A method and apparatus for maintaining source ready information are disclosed. A first copy of the source ready information is stored in an Architectural Register Name (ARN)-indexed structure and a second copy of the source ready information is stored in a Physical Register Number (PRN)-indexed structure. As new instructions become available that require at least one source, the ARN-indexed structure is accessed. If at least one new source becomes available, the ARN-indexed structure and the PRN-indexed structure are updated to include information regarding the new sources.

Description

    FIELD OF INVENTION
  • The present invention relates to computer processors, and more particularly, to maintaining Source Ready information in architectural and physical registers.
  • BACKGROUND
  • In computer architecture, registers provide a way for a processor, such as the central processing unit (CPU), to quickly access data. One type of register is an architectural register. Architectural registers may be directly encoded as part of an instruction, as defined by the instruction set. Each instruction requires a number of sources, which may also be referred to as operands. For example, in an instruction to add ‘a’ and ‘b,’ ‘a’ and ‘b’ are the sources for the instruction. A particular source may either be ready or not ready. For example, a source may still be in the processor and not yet in the register, and thus not ready. Determining whether sources are ready may be accomplished after the instructions are decoded, but before the instructions are written to the scheduler.

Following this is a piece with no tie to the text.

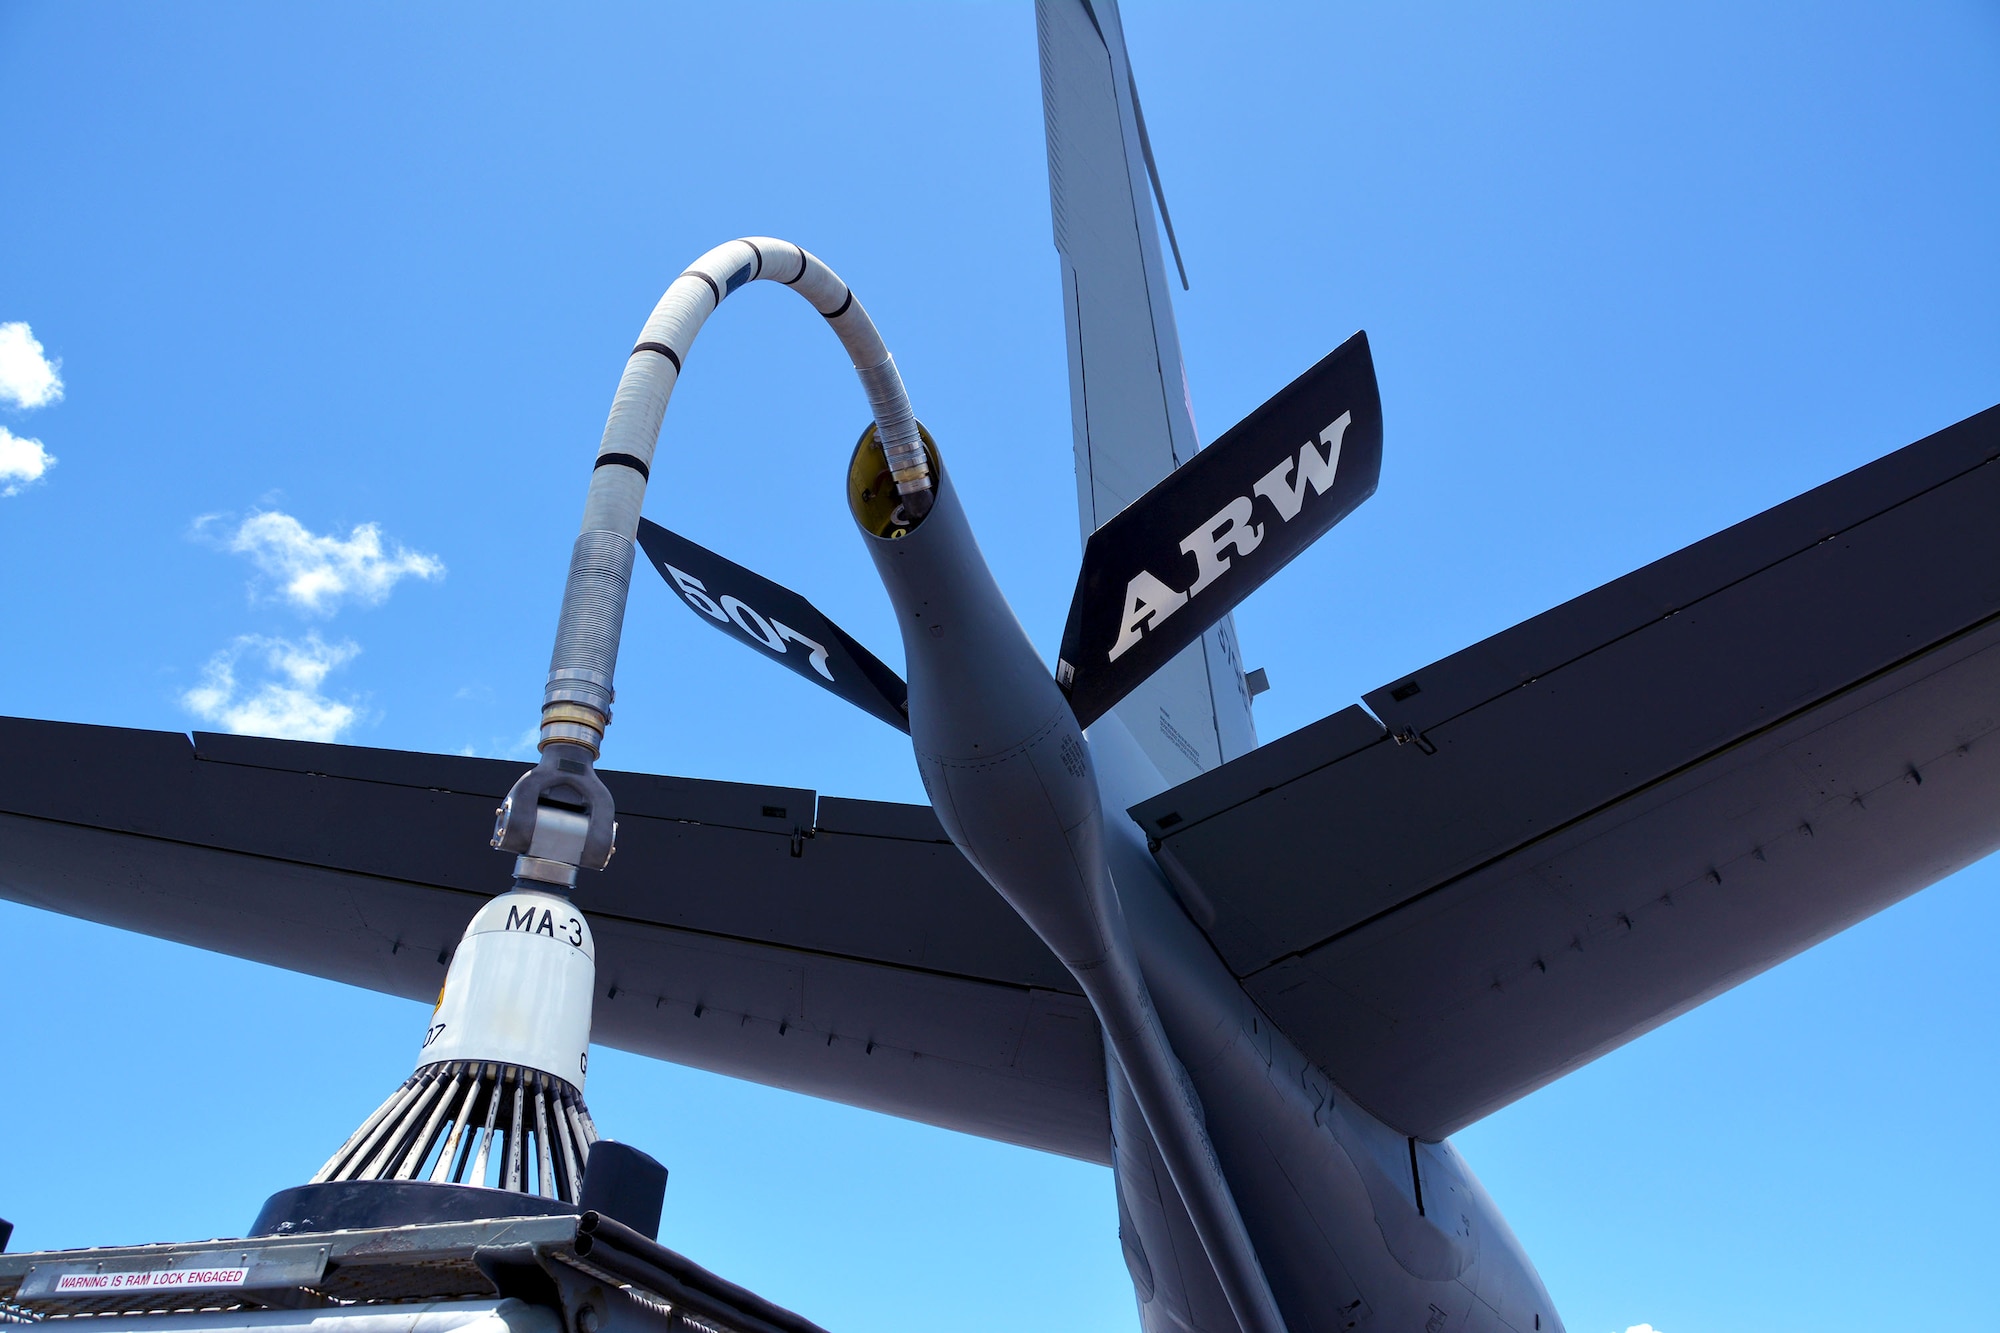 A KC-135R Stratotanker from the 507th Air Refueling Wing, Tinker Air Force Base, Oklahoma, is prepped for flight with a hose-and-drogue attached to the refueling boom July 9, in support of the Rim of the Pacific (RIMPAC) exercise. Twenty-five nations, 46 ships, five submarines, and about 200 aircraft and 25,000 personnel are participating in RIMPAC from June 27 to Aug. 2 in and around the Hawaiian Islands and Southern California. The world’s largest international maritime exercise, RIMPAC provides a unique training opportunity while fostering and sustaining cooperative relationships among participants critical to ensuring the safety of sea lanes and security of the world’s oceans. RIMPAC 2018 is the 26th exercise in the series that began in 1971. (U.S. Air Force photo by Tech. Sgt. Samantha Mathison)

  • Register renaming may make use of an additional type of register, a physical register. Sources may be maintained in and accessed from the physical registers. To associate the physical registers with the architectural registers, a mapping may be maintained between the architectural registers and the physical registers.
  • An architectural register may be accessed based on its Architectural Register Name (ARN). A physical register may be accessed based on its Physical Register Number (PRN). An ARN must be renamed to a corresponding PRN before a physical register can be accessed based on the PRN. Thus, PRN-indexed structures are available only after renaming. Conversely, ARN-indexed structures may be available before renaming because the ARN references the actual source and the location of the actual source is included in the instruction.

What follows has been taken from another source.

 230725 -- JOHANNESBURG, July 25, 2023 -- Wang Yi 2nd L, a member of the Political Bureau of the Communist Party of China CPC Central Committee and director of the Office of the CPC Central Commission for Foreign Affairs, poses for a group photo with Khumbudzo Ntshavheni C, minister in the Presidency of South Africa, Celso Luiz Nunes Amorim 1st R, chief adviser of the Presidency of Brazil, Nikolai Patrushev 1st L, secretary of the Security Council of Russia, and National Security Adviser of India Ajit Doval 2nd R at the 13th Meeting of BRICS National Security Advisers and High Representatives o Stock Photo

  • Upon receiving instructions, the processor may need to determine which operands have already been computed for the instructions before they are written into the scheduler. Two approaches may be used to make this determination: an ARN-based approach or a PRN-based approach.
  • The ARN-based approach includes maintaining Source Ready information associated with each architectural register. This allows the information to be accessed early in the life or processing of an instruction. Accessing this information early may allow instructions to be executed more quickly, thus saving time. But, a disadvantage to the ARN-based approach is that information may be lost when discontinuities are detected in the instruction stream. Examples of discontinuities include, for example, branch mispredictions or exceptions. If a discontinuity occurs, the ARN-to-PRN mapping may change and the Source Ready information may become inconsistent. This problem may be resolved by considering that all operands are ready to be accessed. But, such an approach may lead to lower performance and/or higher power consumption.
  • The PRN-based approach includes maintaining Source Ready information associated with each physical register. Because the information is not maintained in an architectural register, the information may remain available after instruction flow discontinuities. A disadvantage to the PRN-based approach is the delay associated with accessing the physical registers. Source Ready information maintained in physical registers may only be accessed after an ARN-to-PRN translation, which may delay the execution of the instruction by one cycle.
  • These approaches require a design choice that results in a tradeoff between access time and possible information loss. The ARN-based approach allows for higher speed due to the shorter access time. But the ARN-based approach is not robust and allows information to be lost. The PRN-based approach allows for a robust design, such that information remains available after discontinuities. But the PRN-based approach may delay the execution of the instruction by one cycle due to the translation delay.
  • SUMMARY OF EMBODIMENTS
  • A method for maintaining source ready information for a processor begins by maintaining a first copy of the source ready information in an ARN-indexed structure and maintaining a second copy of the source ready information in a PRN-indexed structure. As new instructions become available that require at least one source, the ARN-indexed structure is accessed. If at least one new source becomes available, the ARN-indexed structure and the PRN-indexed structure are updated to include information regarding the new sources.
  • An apparatus for maintaining source ready information includes an ARN-indexed structure and a PRN-indexed structure. The ARN-indexed structure is configured to maintain a copy of source ready information, provide source ready information if an instruction requires at least one source, and store source ready information if at least one new source becomes available. The PRN-indexed structure is configured to maintain a copy of source ready information and store source ready information if at least one new source becomes available.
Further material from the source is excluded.